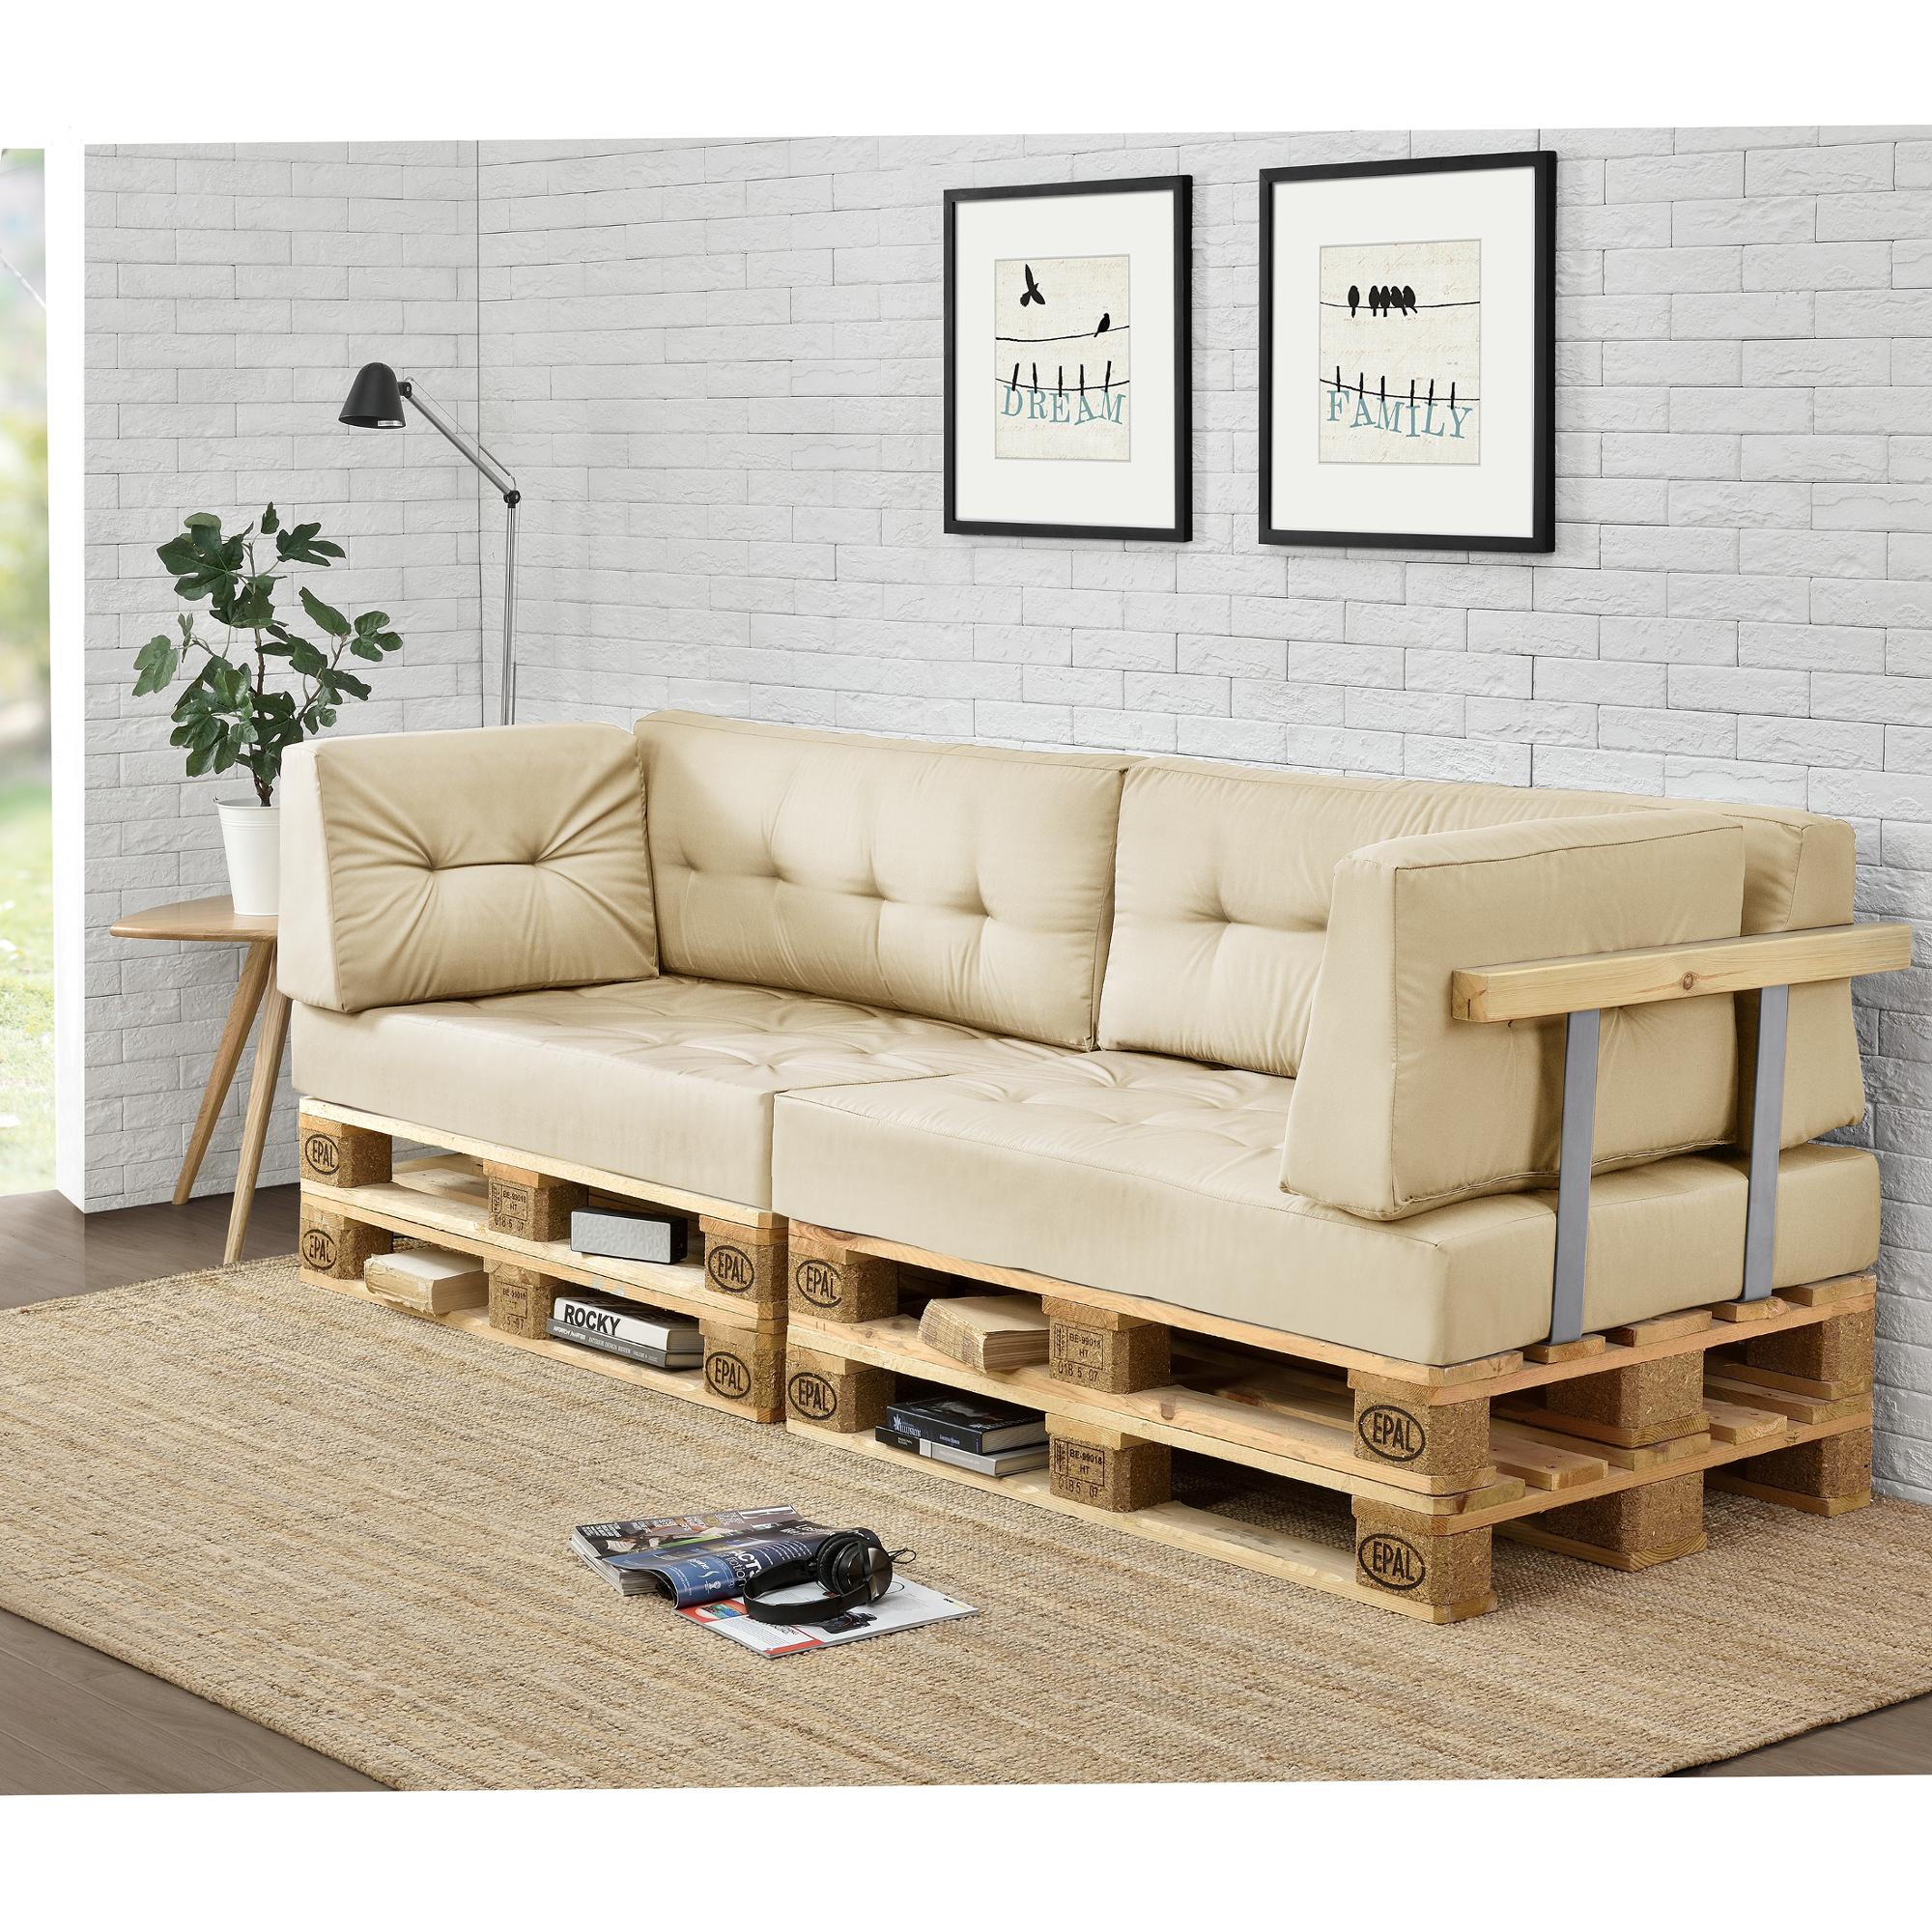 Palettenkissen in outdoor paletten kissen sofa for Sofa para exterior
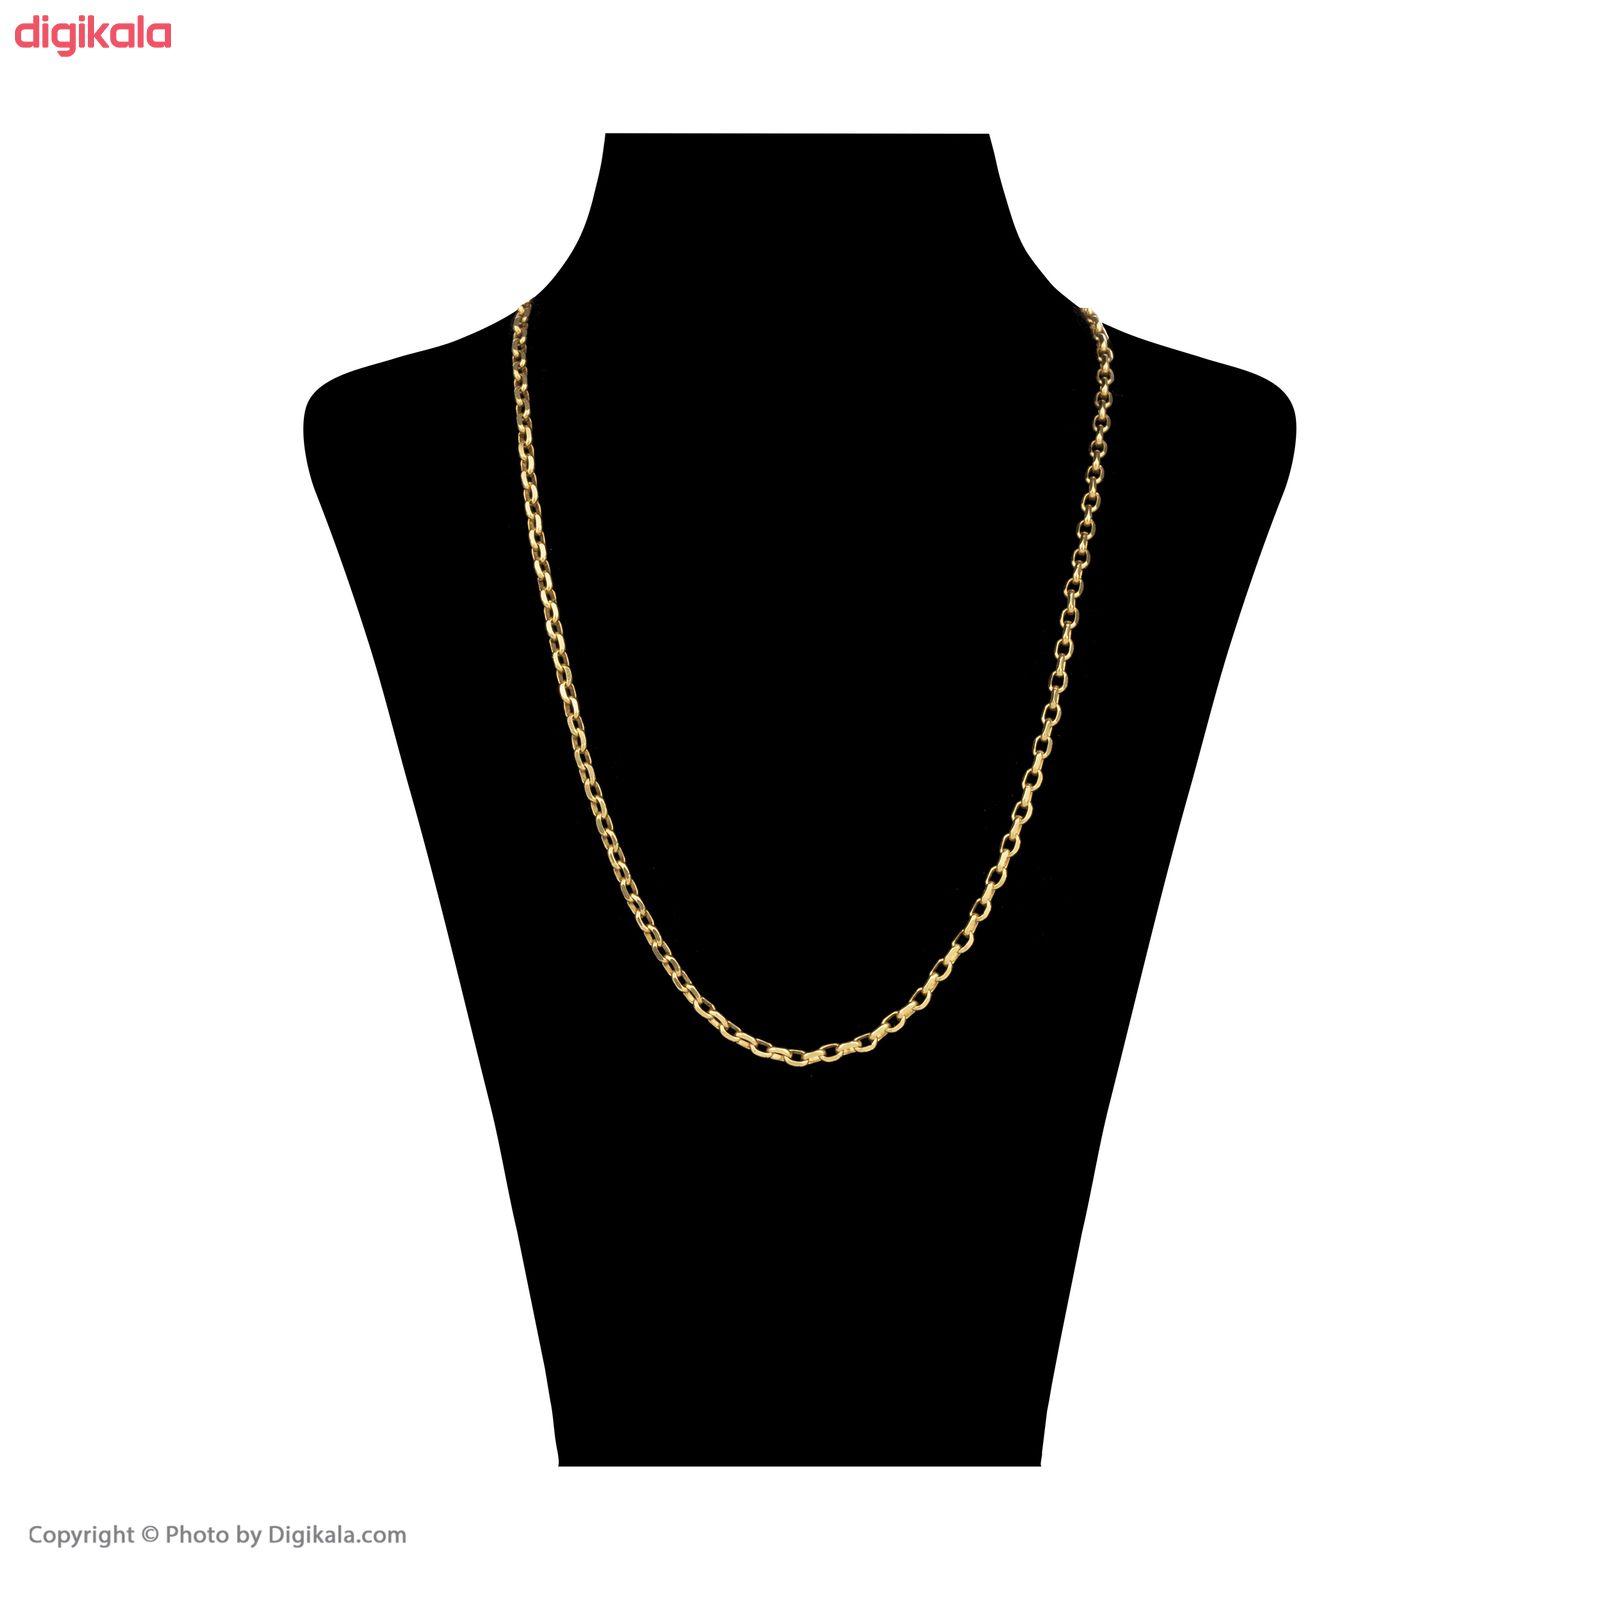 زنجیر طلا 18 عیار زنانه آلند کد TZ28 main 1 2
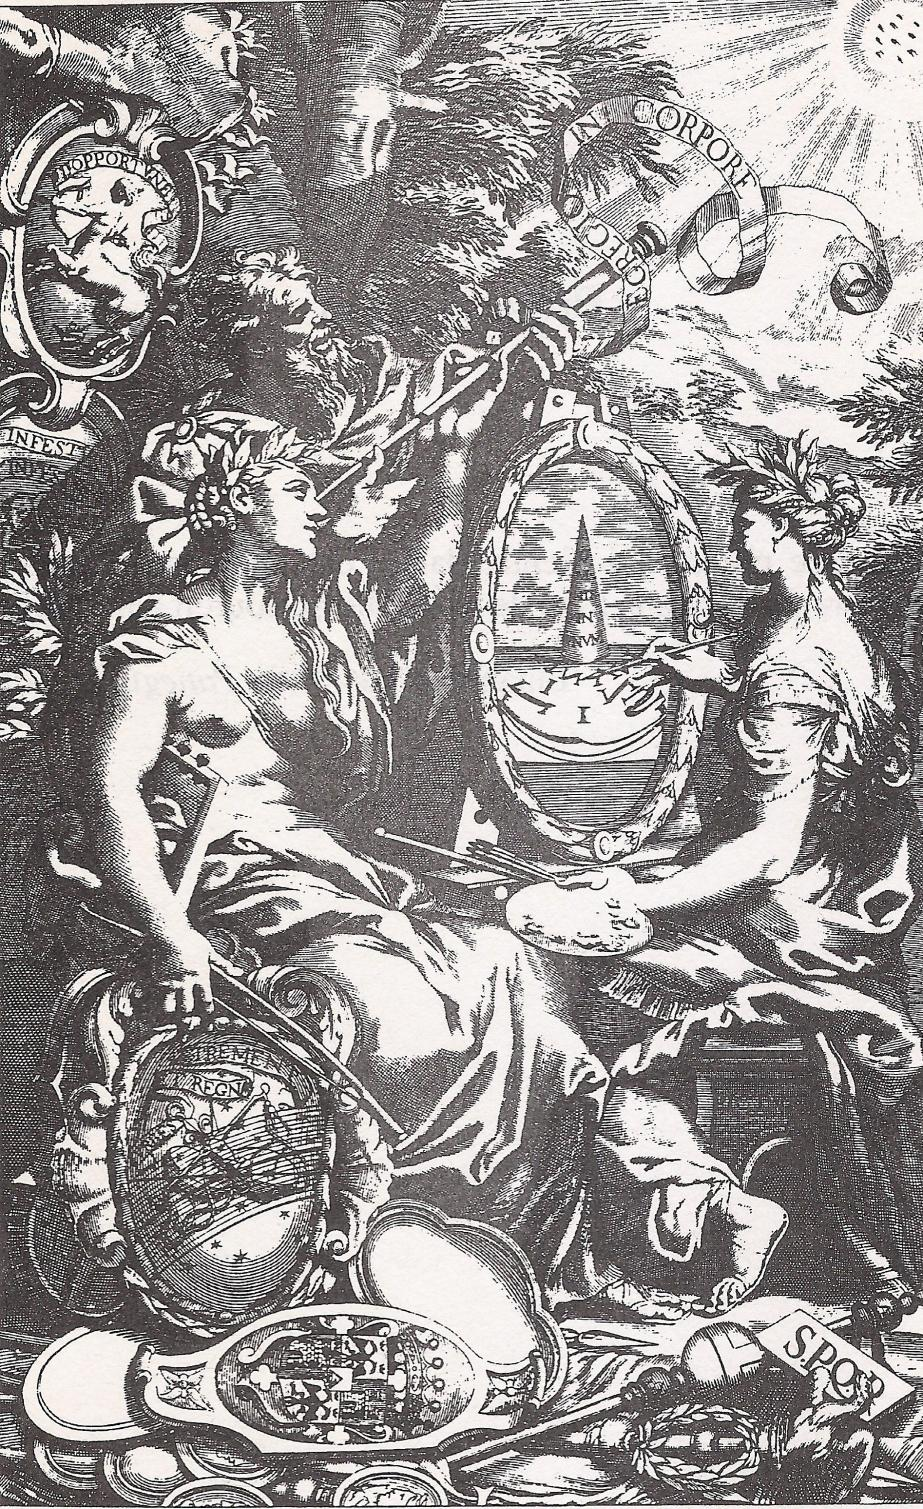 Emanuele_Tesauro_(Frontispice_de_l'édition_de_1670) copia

What you should do
Omit the pictures and write out the remaining data exactly.

Final answer
 Palettenkissen in outdoor paletten kissen sofa for Sofa para exterior
 زنجیر طلا 18 عیار زنانه آلند کد TZ28 main 1 2
 Emanuele_Tesauro_(Frontispice_de_l'édition_de_1670) copia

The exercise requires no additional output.